На чужой земле — страница 26 из 27

Генерал был так доволен Люком, что быстро повысил его в звании.

— Молодец! — похвалил он собаку, как в былые времена на маневрах. — Пойдешь в унтер-офицеры. Старайся!

Но вскоре Люку наскучила муштра. Ему надоело ходить с хозяином в ногу, он все чаще отбегал в сторону от генеральских сапог.

— В бараний рог скручу! — сердился генерал. — За такую службу ты у меня в арестантской сгниешь!

Люк был невысокого мнения что о дисциплине, что об унтер-офицерском звании.

Зато в нем неожиданно проснулась страсть к птицам. Каждый раз на утренней прогулке он видел целые стаи голубей. Они кружили, будто в танце, вокруг заброшенной конюшни драгунского полка. Люк бросался за ними, лязгал зубами, пытаясь схватить голубя за хвост, и терял шпицрутен.

За это генерал ставил его под ружье: заставлял встать на задние лапы, а в передние совал вместо винтовки метлу и кричал:

— Не шевелись! Умри, а держи!

Но на другой день Люк забывал урок и опять начинал гоняться за голубями. Из года в год его брали на охоту, и желание преследовать, выслеживать, ловить было у него так сильно, что он ни одной птицы не мог пропустить. Даже увидев какую-нибудь пташку из дома, вскакивал и бросался на окно. Точно так же он гонялся за кроликами и морскими свинками, за что попадал в карцер.
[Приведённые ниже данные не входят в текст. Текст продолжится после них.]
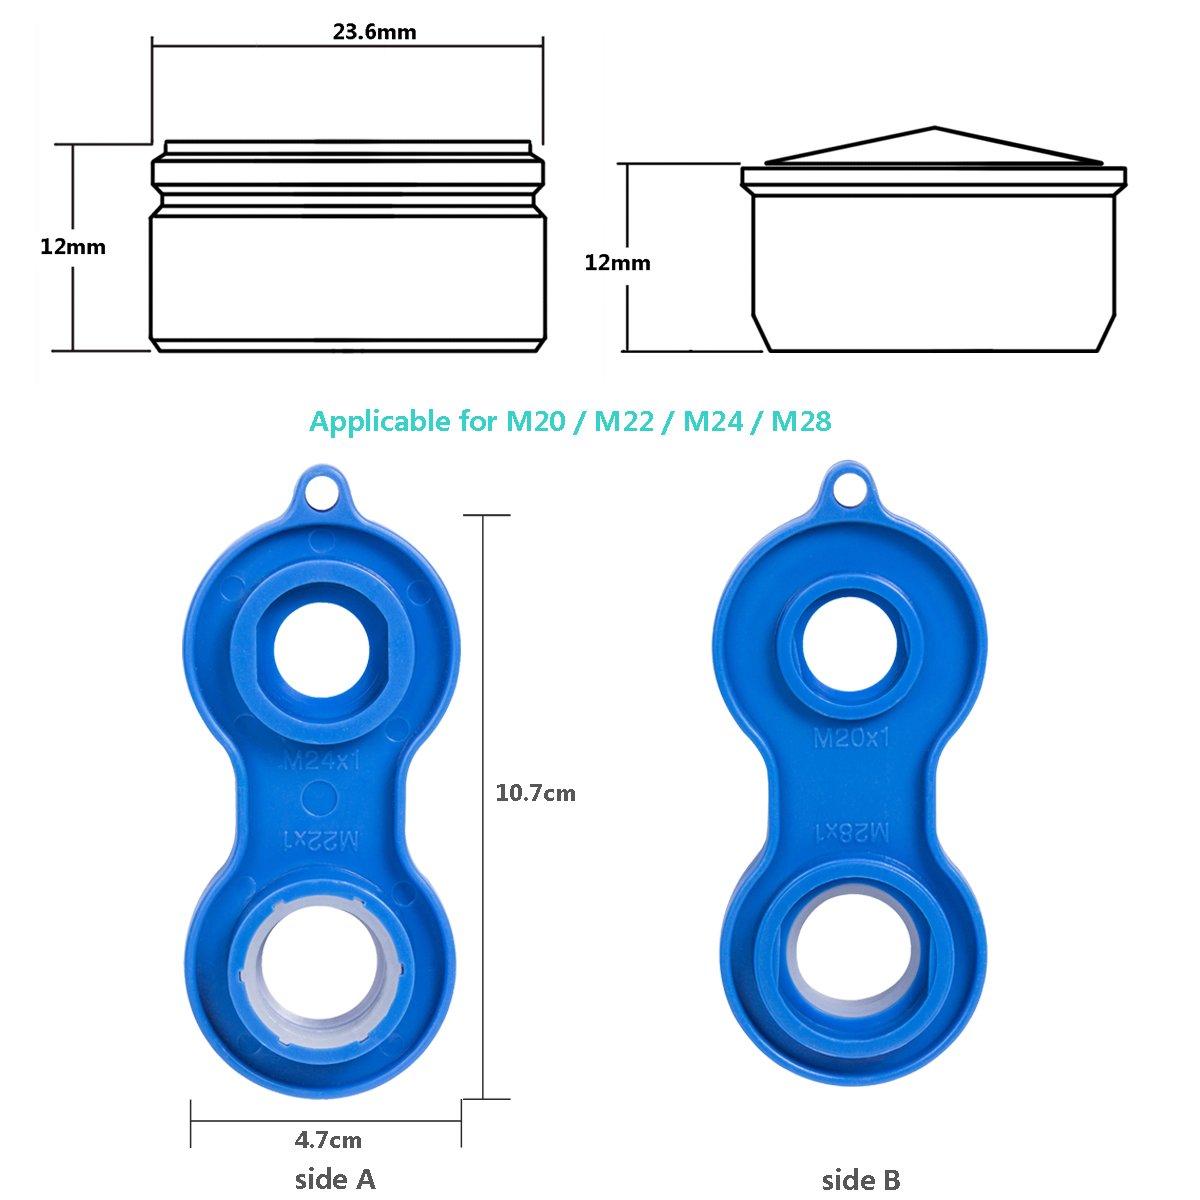 ahorro de agua Aireador Atomizador x 15 con la llave ingresa M24 EFANTUR Filtro de Grifo Aireador Atomizador Pulverizador Economizador de boquillas 24 mm para cocina

— Люк, в одиночку! — гремел генерал.

Брал пса за ухо и сажал в ящик из-под угля, стоявший снаружи у двери.

В ящике было очень тесно, темно и пыльно. Свернувшись клубком, Люк грыз доски и плакал.

Часто хозяин наказывал его тем, что не давал есть. Капитанша убирала под замок плошку с кашей, убирала даже ковшик с грязной водой и твердила:

— Служба — не дружба!

Но хуже всего было просто день-деньской сидеть в четырех стенах.

Бесконечной чередой тянулись пустые долгие дни. С голодного севера шли отряды, парни в лаптях и ватных штанах, через плечо — винтовки, на лохматых овчинных папахах — поблекшие красные ленты.

Шли и шли, поднимая в горячем южном воздухе тучи черной пыли. И поедали все, что попадалось на пути. Дочиста обрывали черешню со сгорбленных деревьев, срезали желтые дыни и пузатые арбузы на бахчах, срывали недозрелые подсолнухи с еще белыми, мягкими семечками.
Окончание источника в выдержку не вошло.